Created on 10-05-2016 11:38 AM - edited 09-16-2022 08:42 AM
We are using Spark-sql and Parquet data-format. Avro is used as the schema format. We are trying to use “aliases” on field names and are running into issues while trying to use alias-name in SELECT.
Sample schema, where each field has both a name and a alias:
{ "namespace": "com.test.profile",
"type": "record",
"name": "profile",
"fields": [
{"name": "ID", "type": "string"},
{"name": “F1", "type": ["null","int"], "default": "null", "aliases": [“F1_ALIAS"]},
{"name": “F2", "type": ["null","int"], "default": "null", "aliases": [“F2_ALIAS"]}
]
}
Code for SELECT:
val profile = sqlContext.read.parquet(“/user/test/parquet_files/*”)

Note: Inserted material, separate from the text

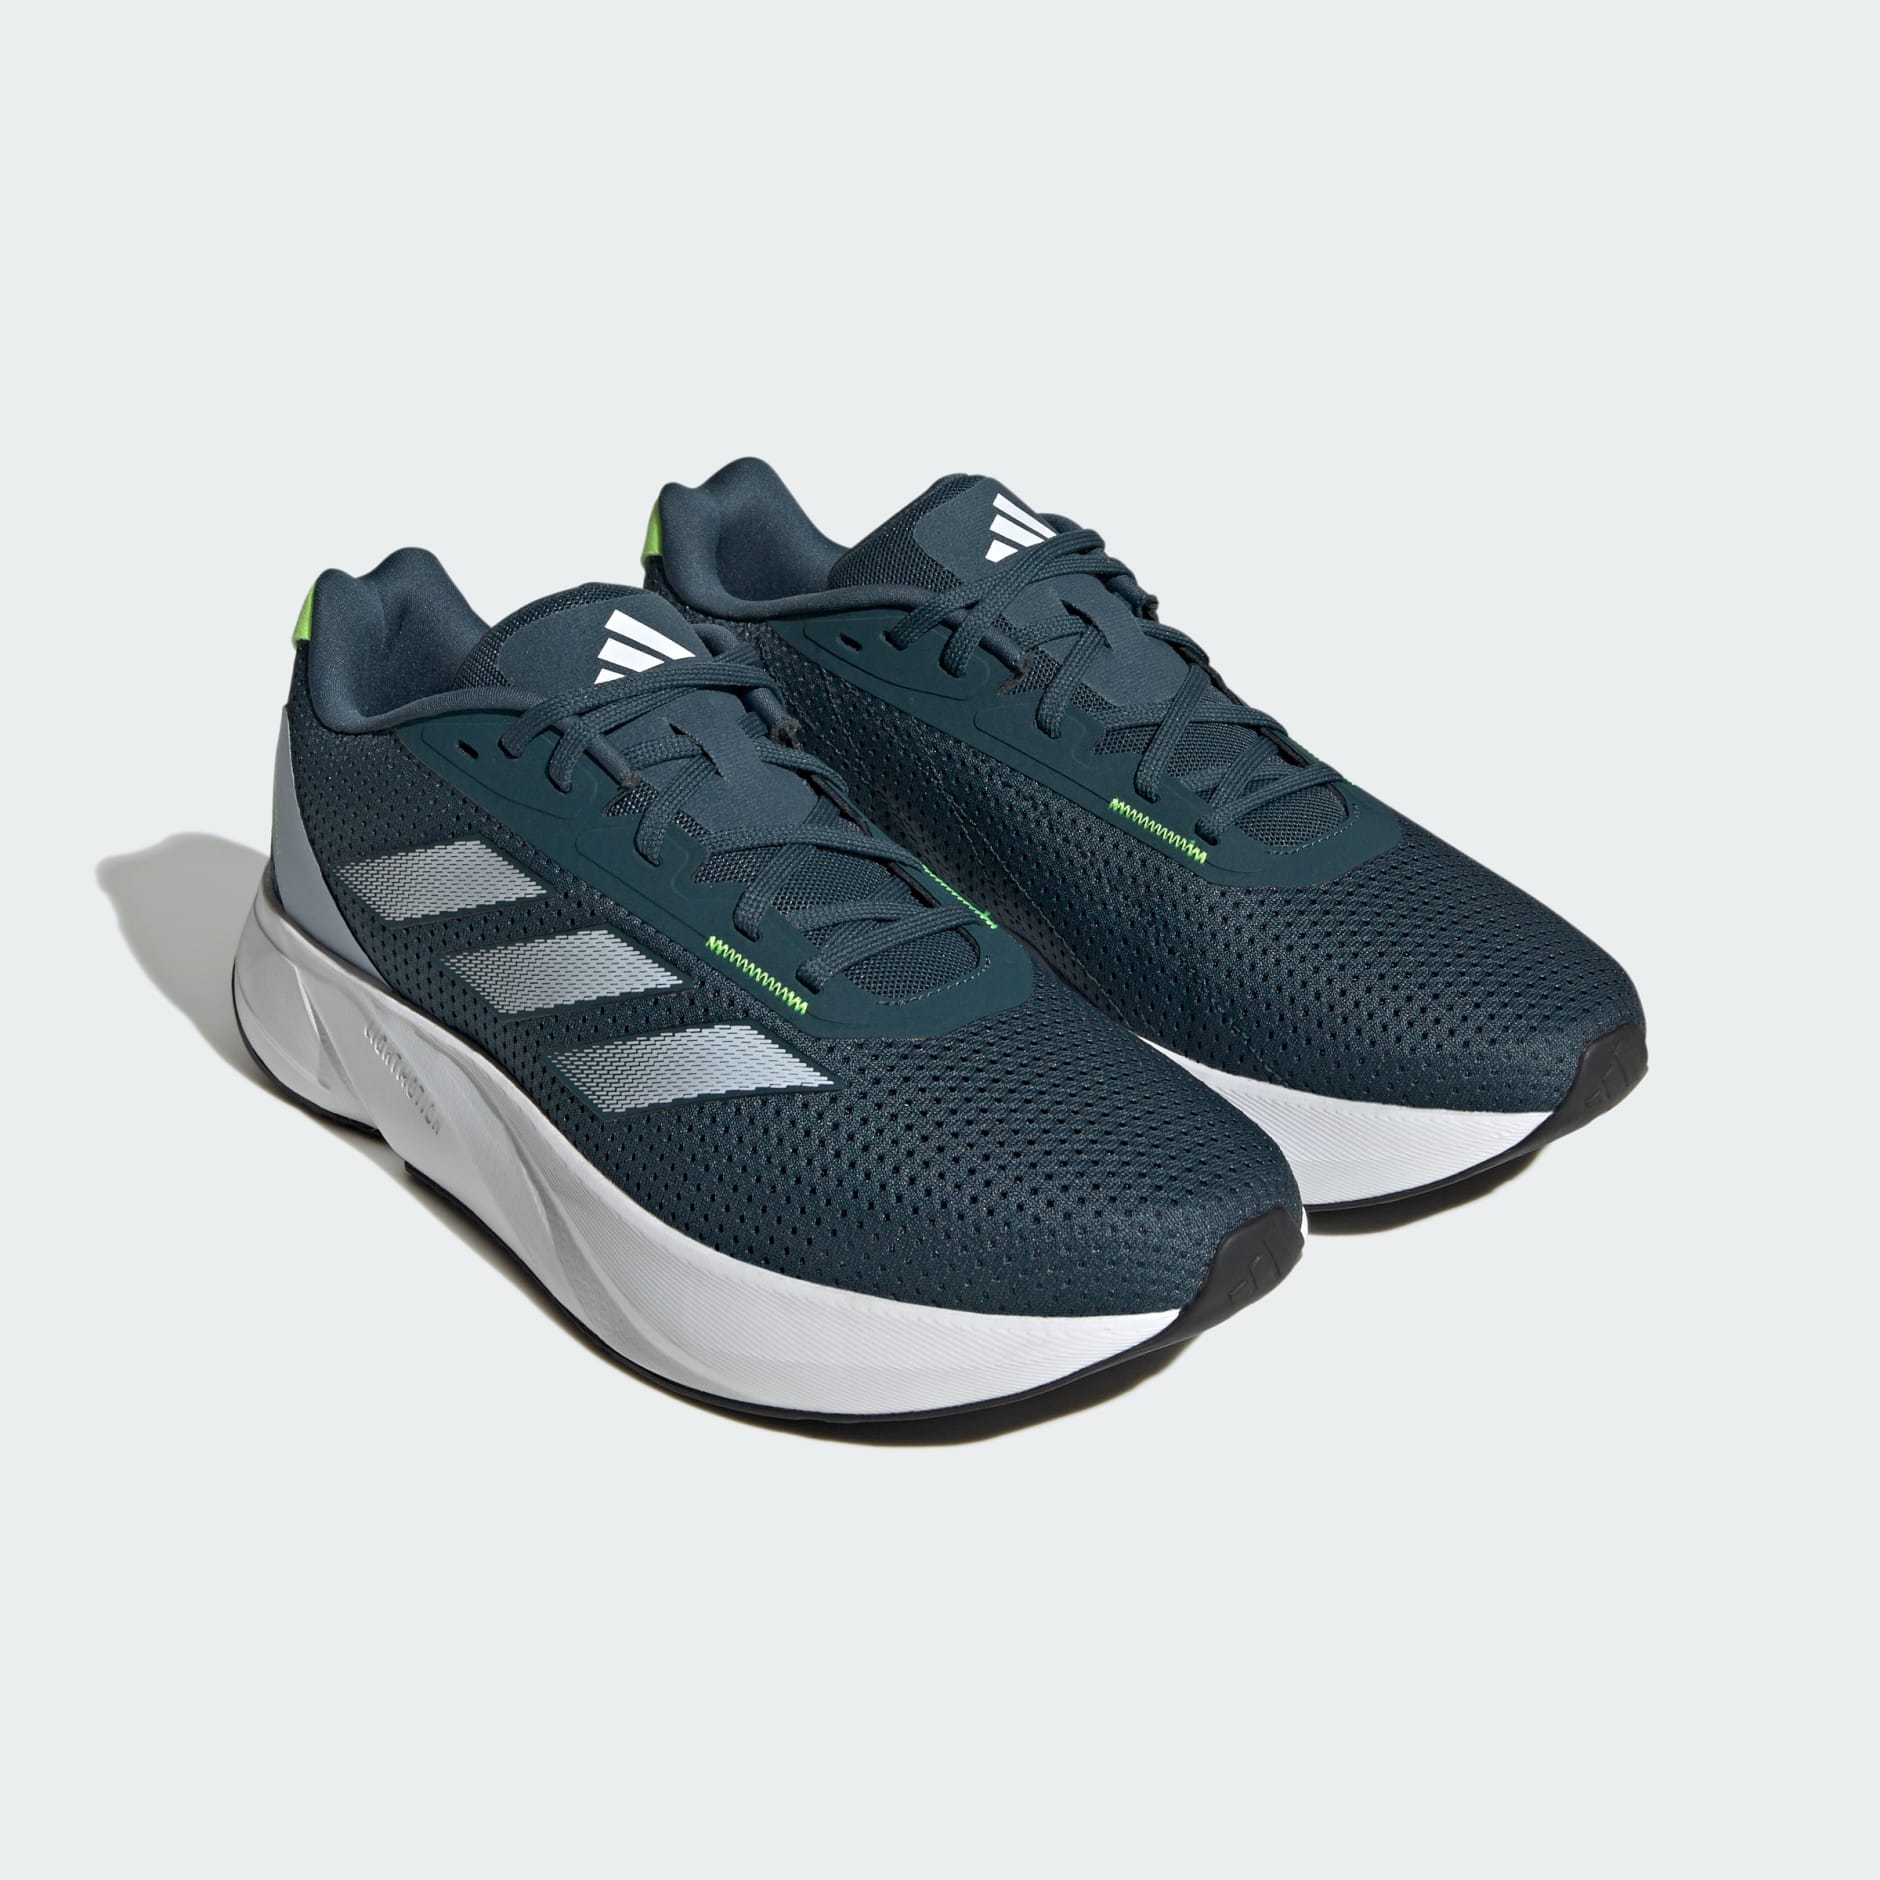 Shoes - Duramo SL Shoes - Turquoise | adidas South Africa

profile.registerTempTable(“profile")
val features = sqlContext.sql("“SELECT F1_ALIAS from profile”)
It will throw the following exception:
org.apache.spark.sql.AnalysisException: cannot resolve ‘`F1_ALIAS`' given input columns: [ID, F1, F2]
Any suggestions for this use case?
On a side note, what characters are allowed in aliases? e.g. is "!" allowed?
Thank you in advance!